How does forecasting as a capability relate to your current work helping find solutions to public policy problems in technology and security?

Forecasting plays an outsized role in my work as a TASP Fellow within the Biological Evaluations Group building threat models to determine whether and how increasingly capable AI models might facilitate the misuse of biology. My colleagues and I employ these scenario-based cognitive frameworks to envision how differing types of threat actors could leverage dual-use AIxBio technologies. Throughout this process, I monitor my biases regarding how I think any given threat actor should act, given my background as a pharmaceutical scientist who thinks in terms of designing and commercializing therapeutic interventions. The assessments arising from those anticipatory frameworks, in turn, guide policy writing outputs aimed at informing government stakeholders of these emerging risks while also providing timely recommendations.

What is one piece of advice that you would give to those looking to improve their forecasting skills?
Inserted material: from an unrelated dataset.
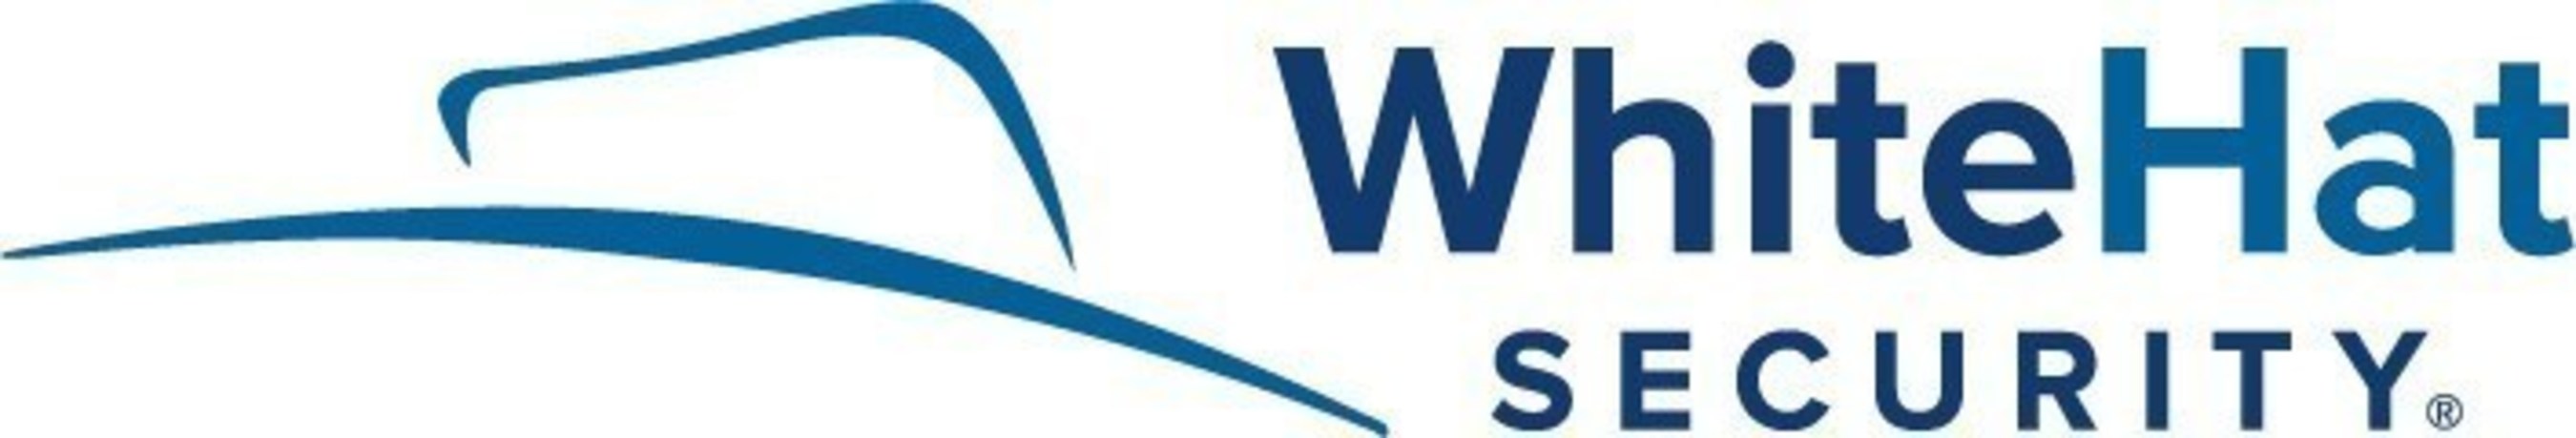 WhiteHat Security logo

The most crucial advice I can give entails crafting rationales directly informed by hypothesis generation to tailor one's forecasting for maximal impact.

On any given topic, this involves identifying underlying drivers; potential catalyst events; and signals, in the form of qualitative and/or quantitative data, obtained via news flow and gray literature resources.

This approach ultimately serves to focus a forecaster's signals research by directly mapping those findings onto the drivers and catalysts key to answering the forecasting query.

Any other thoughts for potential forecasters at RAND?

Be prepared to spend time tracking news flow on topics pertaining to one's forecasts across multiple sources, like major outlets for breadth; local or specialized outlets for depth, early and often in order to integrate the latest signals into updated forecasting rationales. A good analogue for this forecasting approach would be the process by which a life scientist takes aliquots from a liquid solution where a biological process is occurring to track this process in a time-dependent manner until the experiment has run its course.